Please write out the full listing beneath this line exactly, skipping its images.

Supplied information.
━━━━

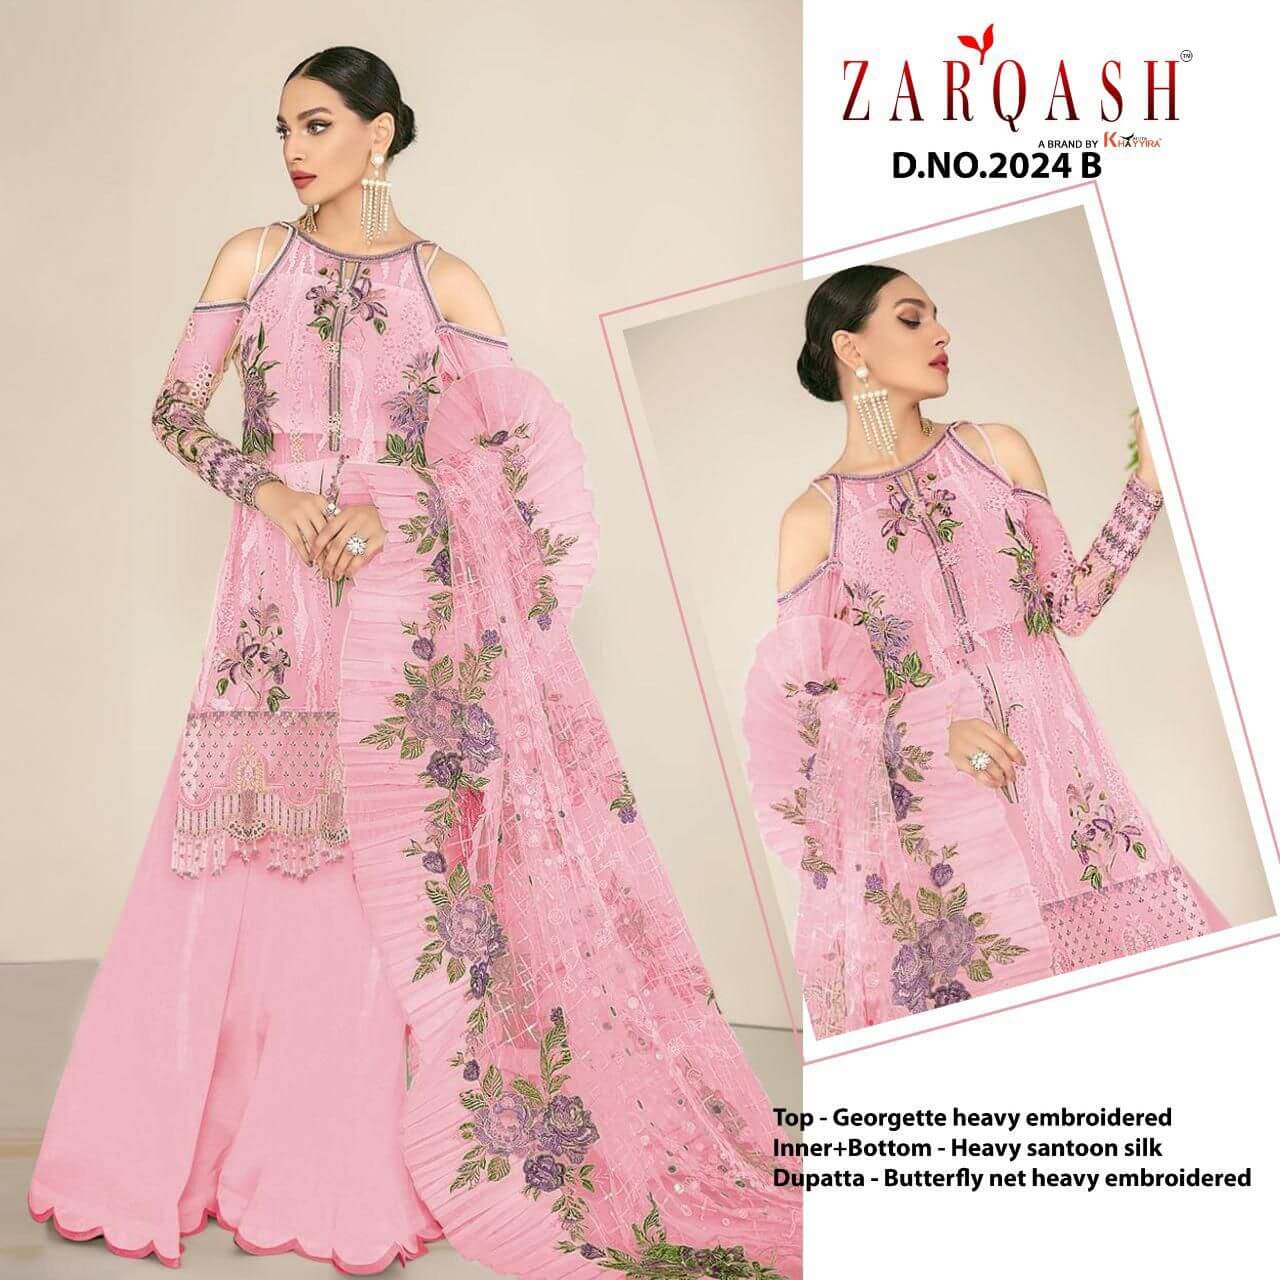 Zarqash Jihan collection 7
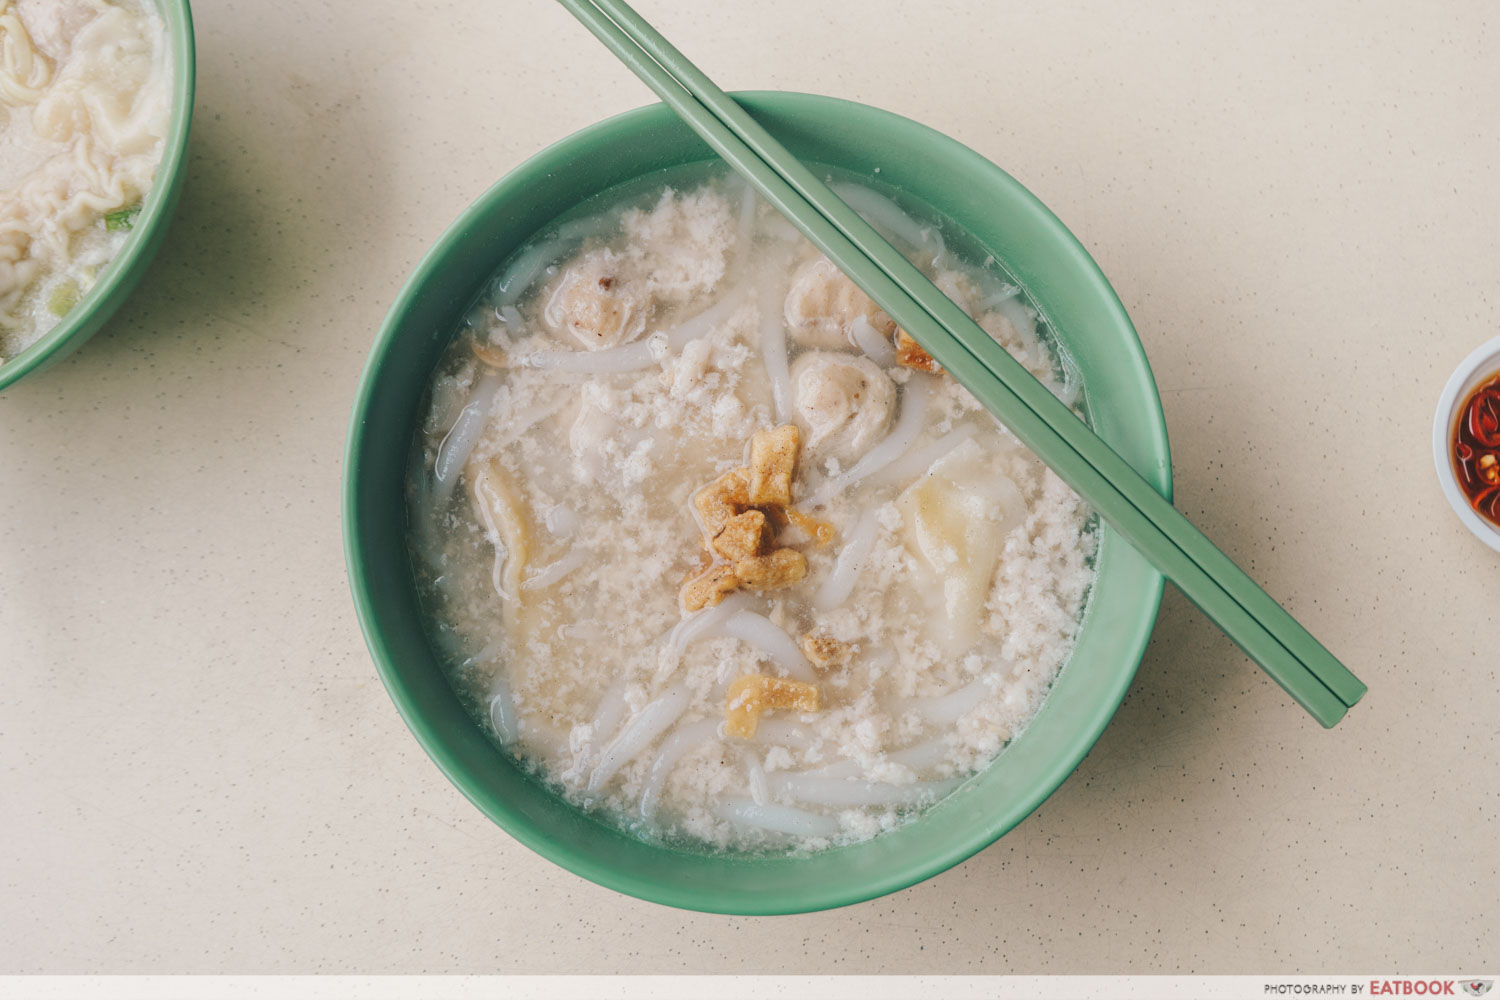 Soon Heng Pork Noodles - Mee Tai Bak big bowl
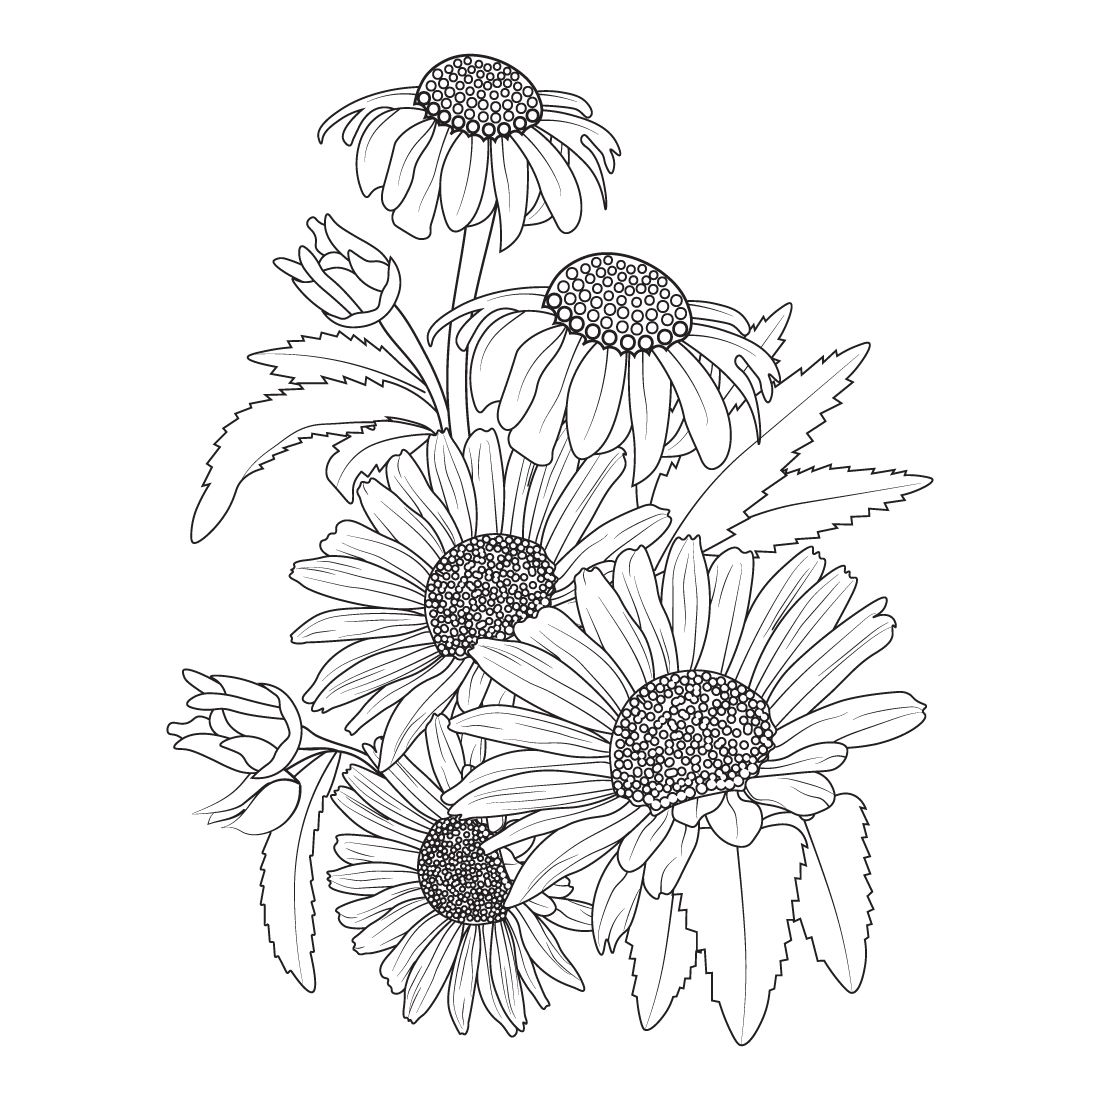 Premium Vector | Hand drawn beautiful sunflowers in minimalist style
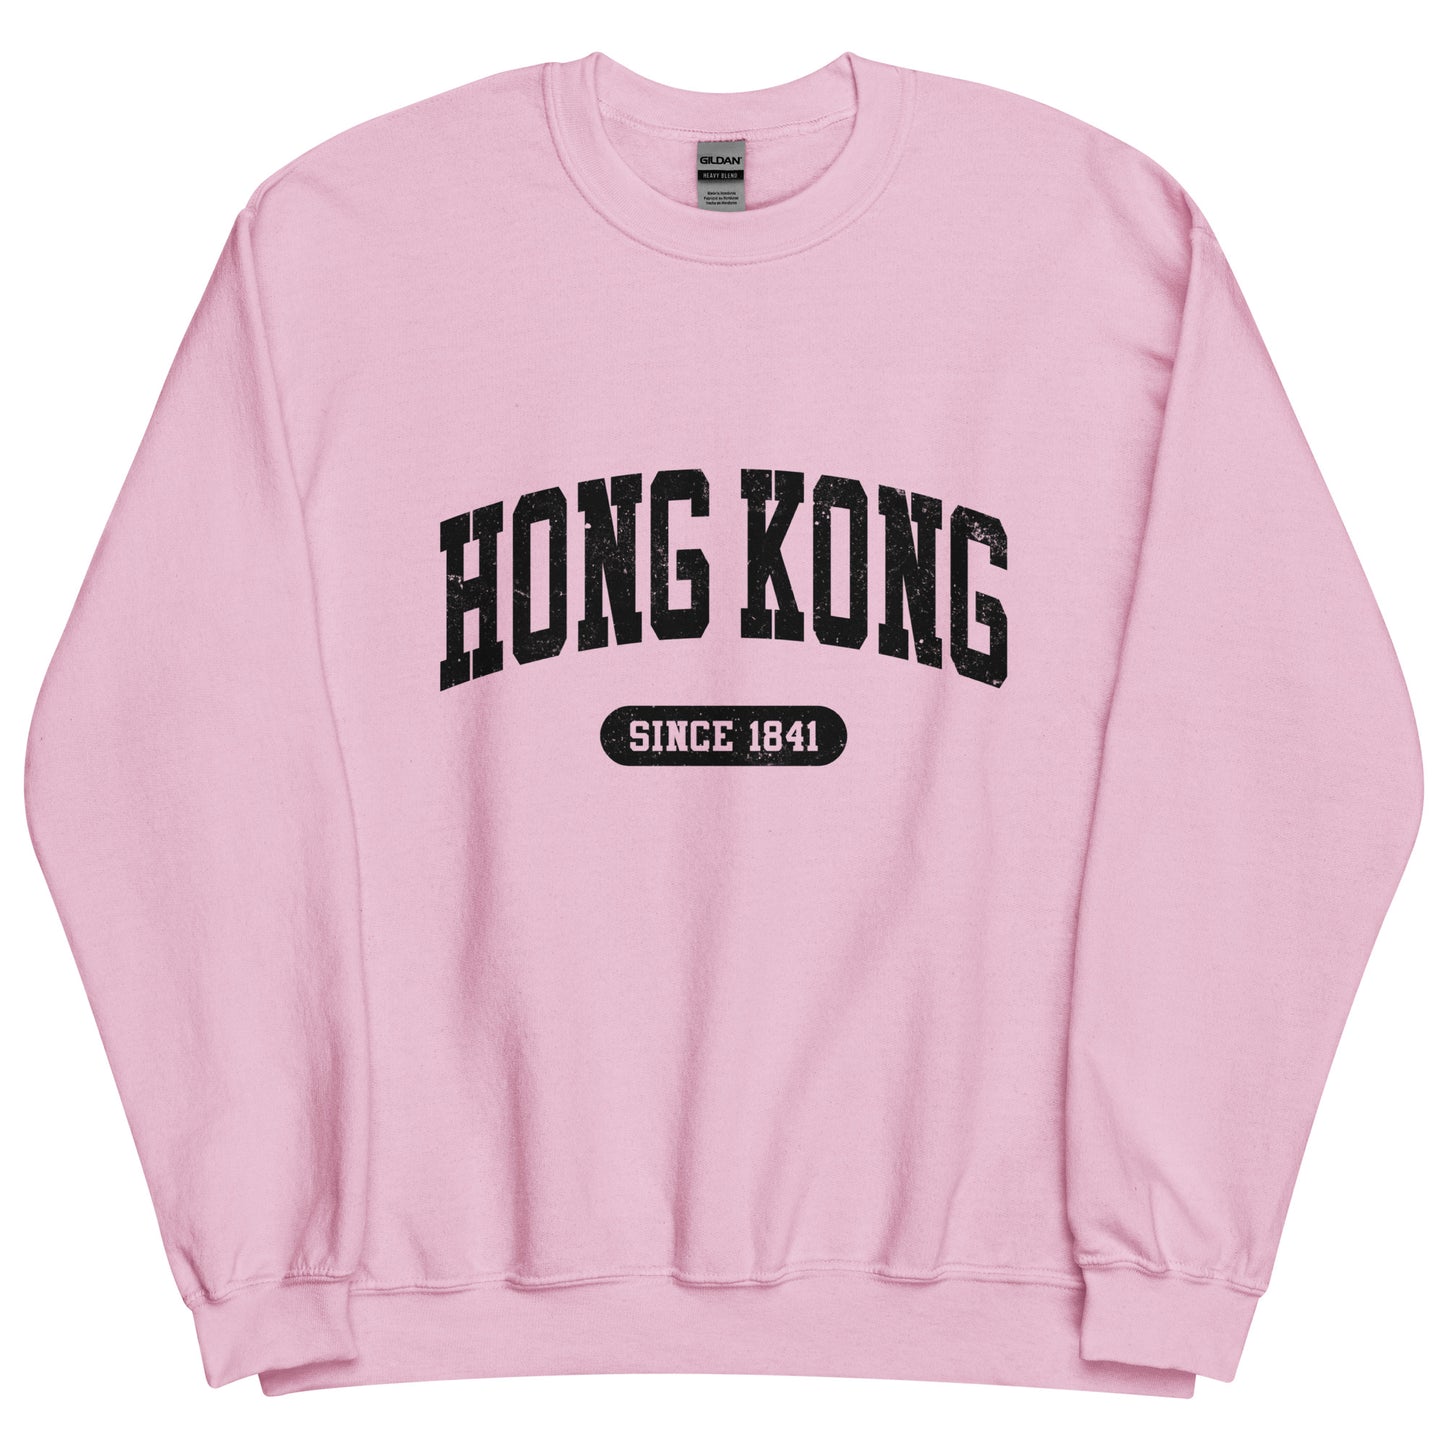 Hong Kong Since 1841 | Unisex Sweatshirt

━━━━

Task output.
 Zarqash Jihan collection 7
 Soon Heng Pork Noodles - Mee Tai Bak big bowl
 Premium Vector | Hand drawn beautiful sunflowers in minimalist style
 Hong Kong Since 1841 | Unisex Sweatshirt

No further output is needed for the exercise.